Ich will jetzt net arrogant klingen. Nur möchte ich den Rat geben, Dich bei solchen Dingen etwas zurück zu halten.
Du hast noch nie Boilies selbst gerollt. Du kennst den Unterschied von 5 % Capelinmehl zu 20 % Rotbarschmehl ja gar nicht. Du erzählst etwas, was Du von anderen gehört hast, ohne das da eigene Erfahrung dahinter steckt. 
Sowas ist kritisch,....die Leute hier glauben Dir zukünftig nur bedingt etwas,... weil Du von vielem gar nichts weist, aber trotzdem das oder das empfiehlst oder kritisierst....auf Basis vom Hörensagen.......


Und so ein Boilie ist sehr wohl zu dem Preis machbar. Die Händler kaufen Ihre Grundzutaten zu ganz anderen Preisen ein wie wir.
Ob er daran was verdient ist diskussionswürdig, aber möglich. Sowas ist z.B. eine Marktstrategie. Das machen andere große Firmen auch. Die verkaufen etwas, an dem sie nix dran verdienen,...um z.B: Marktanteile zu gewinnen und den Bekanntheitsgrad zu erhöhen. 
Und die, die sich Cockbaits Pennyboilies kaufen und zufrieden sind, kommen wieder und kaufen dann ggf. auch andere Sachen bei ihm, an denen er dann wieder gut dran verdient...
Wichtig ist, daß es für Ihn unterm Strich auf geht. Der Mr. Hahne war vorher ja bei Nature Baits tätig. Also so ganz unerfahren ist er sicher nicht.

Grüßle


----------



## maho01 (15. Oktober 2010)

*AW: Erfahrungen mit cockbaits*

Hat denn sonst jemand Erfahrungen mit ihnen gemacht?


----------



## Knigge007 (15. Oktober 2010)

*AW: Erfahrungen mit cockbaits*

Moin,

kauf doch einfach mal ne Packung so schlecht können se wirklich nicht sein, habe bisher in keinem der 5 Foren wo ich was über die Penny Teile gelesen habe nie was schlechtes gelesen.

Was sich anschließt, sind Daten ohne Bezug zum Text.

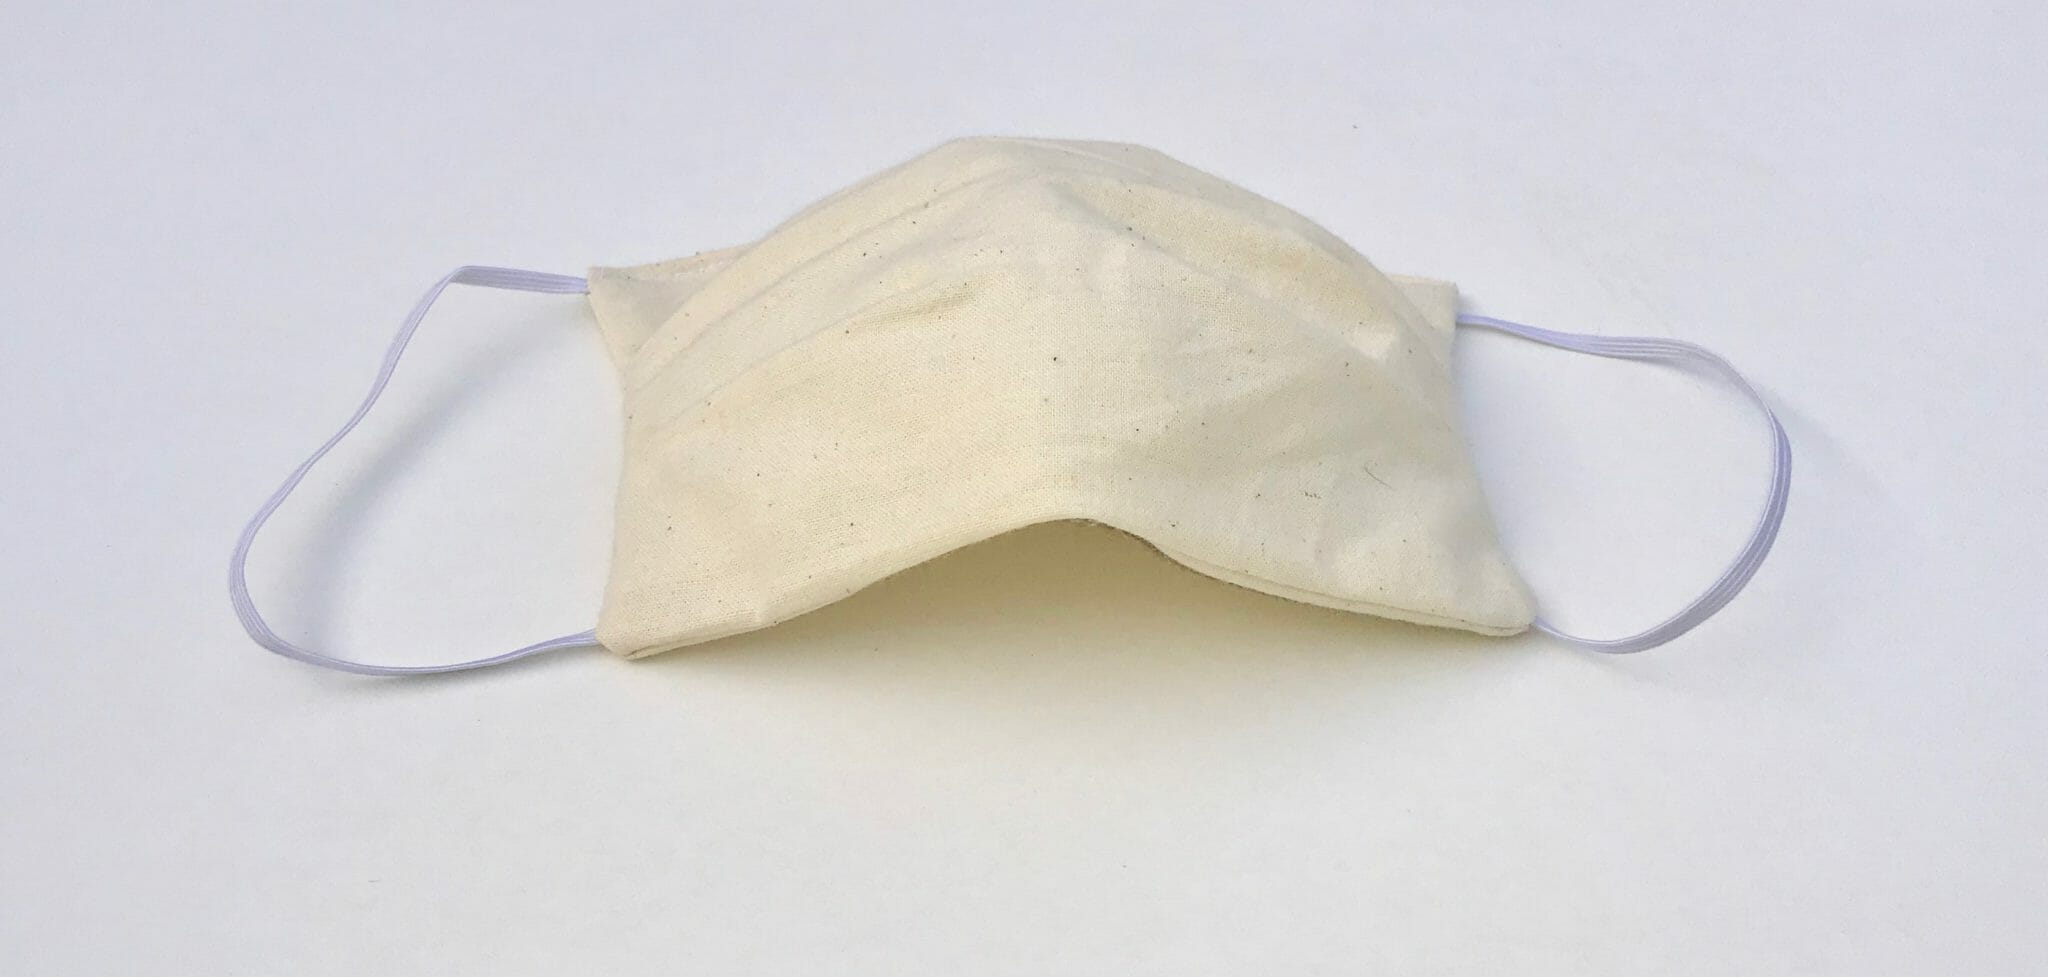 Super Simple Face Mask Pattern For Adults And Kids | So Sew Easy
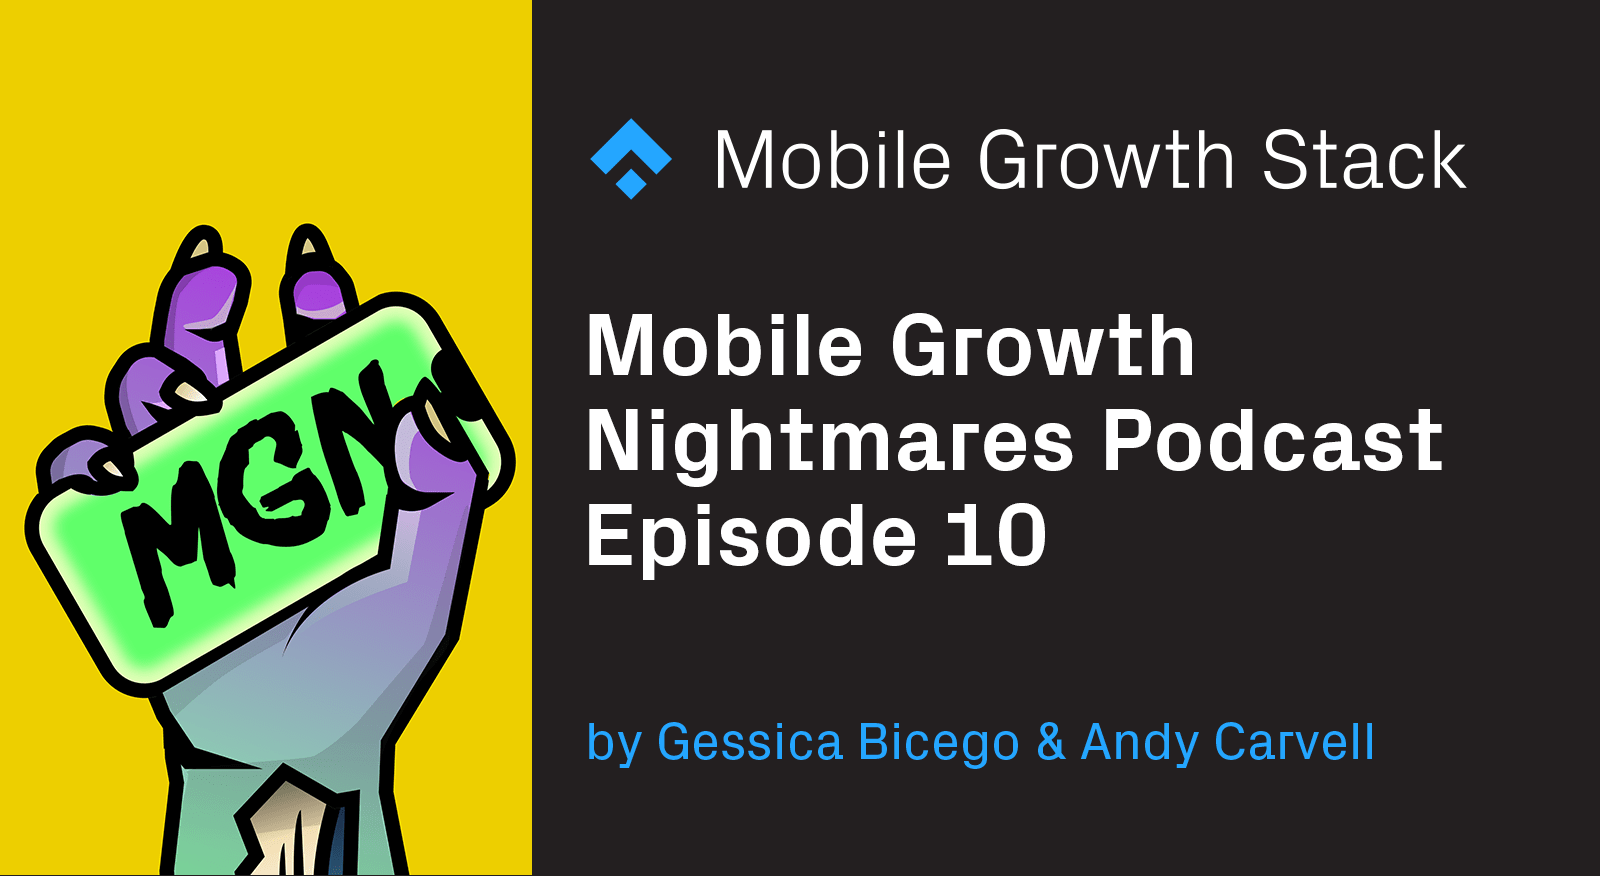 Mobile Growth Nightmares Podcast Episode 10

@Carras kein Ding das passt schon


----------



## maho01 (15. Oktober 2010)

*AW: Erfahrungen mit cockbaits*

@knigge
ich habe noch etwa 10kg HR von sb in der Tiefkühle und etwa 15kg Pellets, das genügt bei weitem dieses Jahr.
Ich werde sie nächstes Frühjahr auf alle Fälle testen!
versuch macht klug...


----------



## Knigge007 (15. Oktober 2010)

*AW: Erfahrungen mit cockbaits*

Jo viel "schlechter" als diese werden die Pennys denke nicht sein.


----------



## karp (15. Oktober 2010)

*AW: Erfahrungen mit cockbaits*

Hallo Knigge007 erstes jahr karpfenangeln und schon profie

Wen das soweitergeht bist du im nächsten jahr besser wie der pelzer und co.Da knackst vll die 50 kilo marke|rolleyes|rolleyes|supergri|supergri


----------



## Lil Torres (15. Oktober 2010)

*AW: Erfahrungen mit cockbaits*

hallo zusammen,

schade das so über die pennys geurteilt wird...

wie der bernd das mit seinen kosten vereinbart ist wohl letzten endes seine sache, und soll es auch bleiben!!
mich als verbraucher des produktes interessiert nur der preis den ich zahle und die qualität.

da ich bernd persönlich kenne und schon einige male bei ihm war kann ich mir wohl ein tieferes urteil erlauben.
ich weiss aus sicherer quelle das in den pennys drin ist was drauf steht!!

der preis wird im endeffekt durch die menge des abgenommenen fischmehls bestimmt. stromkosten sind zwar auch da, jedoch fallen die arbeitskosten wegen vollautomatisierter boilieherstellung ziemlich niedrig aus.
der preis für die pennys ist in der vergangenheit dennoch zwei mal gehoben worden, da auch er nicht immer alles zum günstigsten preis erwerben kann.
außerdem steht in der "beschreibung" das dies boilies für den kleinen geldbeutel sind.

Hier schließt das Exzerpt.